O God! at least the barren third restore
Without that one help I can bear no more.

  Two friends asked one another what had been their thoughts during a performance of one of Meyerbeer’s compositions. One had thought of the flight of eagles; the other of Summer lightning; and, whatever was really the meaning of the composition, it must have been correspondent with such images. So of the “Sicilian and Tarantella,” whatever be its thought, it must express that concentration of life of which one view is rapture, the reverse despair.

  Last Autumn we heard the compositions which may be claimed as American, in so far as they have this country for their birth-place, and owe their existence to the action of its scenes on the mind of the Artist. We esteem them grand and beautiful compositions. The “Solitude of the Prairie” was far the most satisfactory to us, as to others, or, if not so at the time, it certainly is in recollection.

  Those who deny the honors of genius to the composer of these, must do so on the same ground that the critic would, those of the lyric poet to the writer of the most exquisite song, on the plea that he had never attempted the grand Pindaric ode. The fame of Ole Bull will not indeed rest on his compositions. These, probably, require his peculiar manner of playing, and leading the orchestra to give them due effect, and they will never be really heard except from himself. Had he never written any thing, the enchanting and animating power of his mind as a performer entitles him to rank, not only as a most accomplished violinist, and a person of great magnetic force, but as an original genius of a high order. But it is not just to undervalue his compositions, rich and beautiful poems which contain the experiences of one so delicately organized to apprehend the beautiful, capable of profound and wide reception of it, and of highly individual reproduction in forms flexible, graceful and transporting to other minds.
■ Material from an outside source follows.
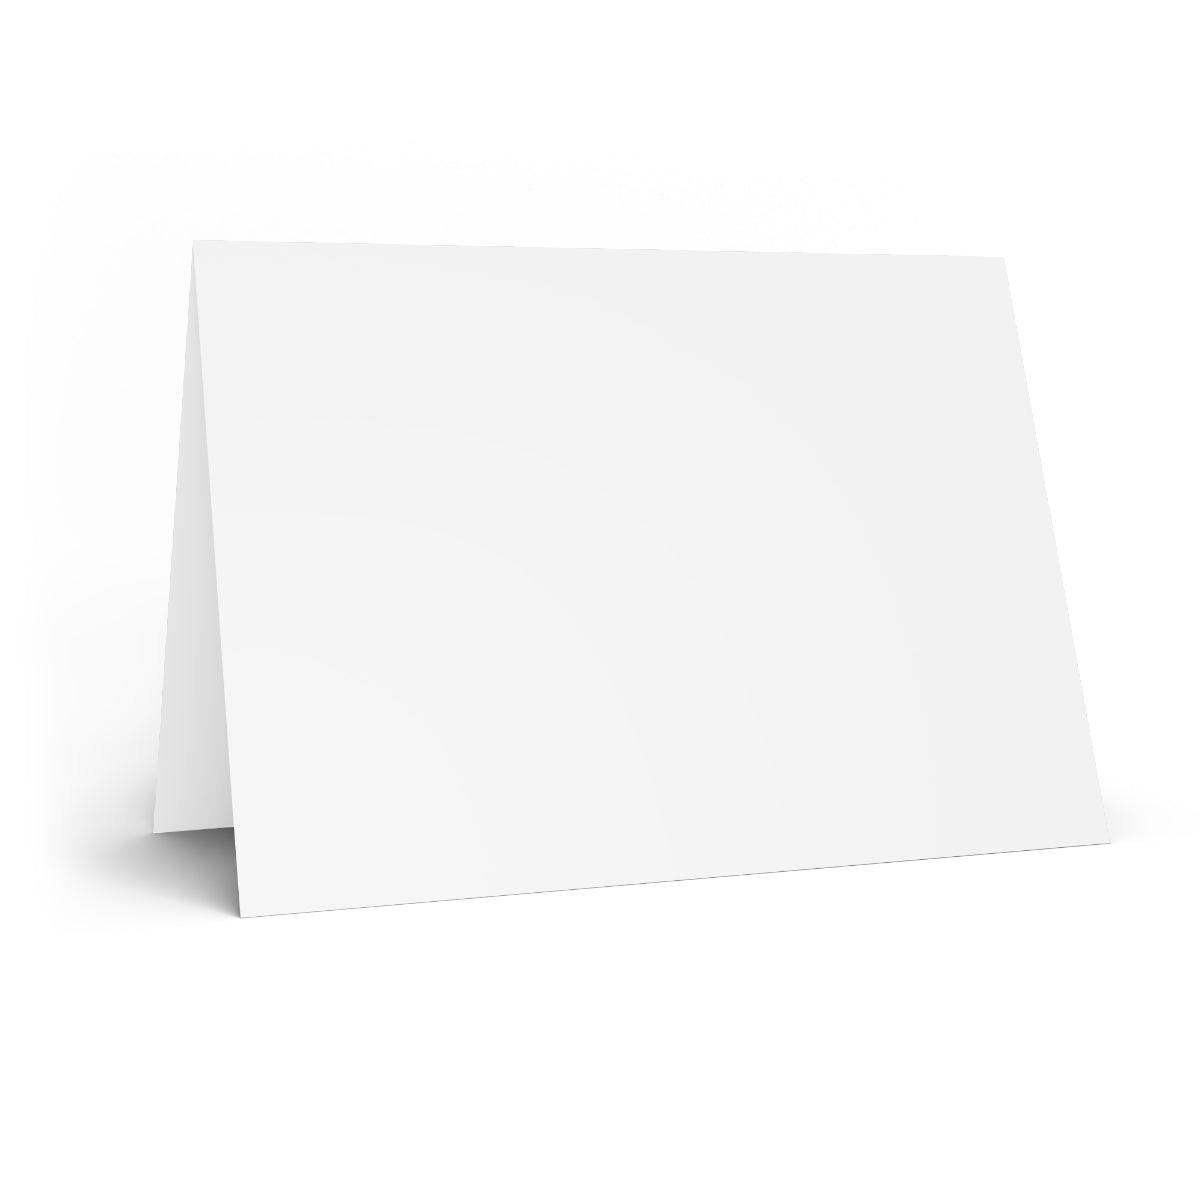 Can't Live Without You - Folded Greeting Cards

  The “March in honor of Washington” we are now to hear. We hope it may be worthy his best genius! And let the audiences who wait on him in these last hours discard that cold, carping, or, at least, doubtful, temper in which men are too apt to regard beautiful beings till it is too late, till death or separation has hid them from our eyes, and a tardy justice can no more avail them. Ole Bull, like all true artists, is of an affectionate and delicate nature; he trusts himself, but needs a cordial reception to call forth his powers in perfection for the enjoyment of others. We hope that it will not be as it was last autumn, when the dull or stolid silence of the house checked the vibrations of his finest strains. May we welcome him, as we must part with him, in love and honor, for he is now ours especially as well as the world’s, and “Niagara and the Prairie,” no less than the Mountains of Norway may cry, All hail to our Ole Bull!*

“Ole Bull.” New-York Daily Tribune, 1 October 1845, p. 1.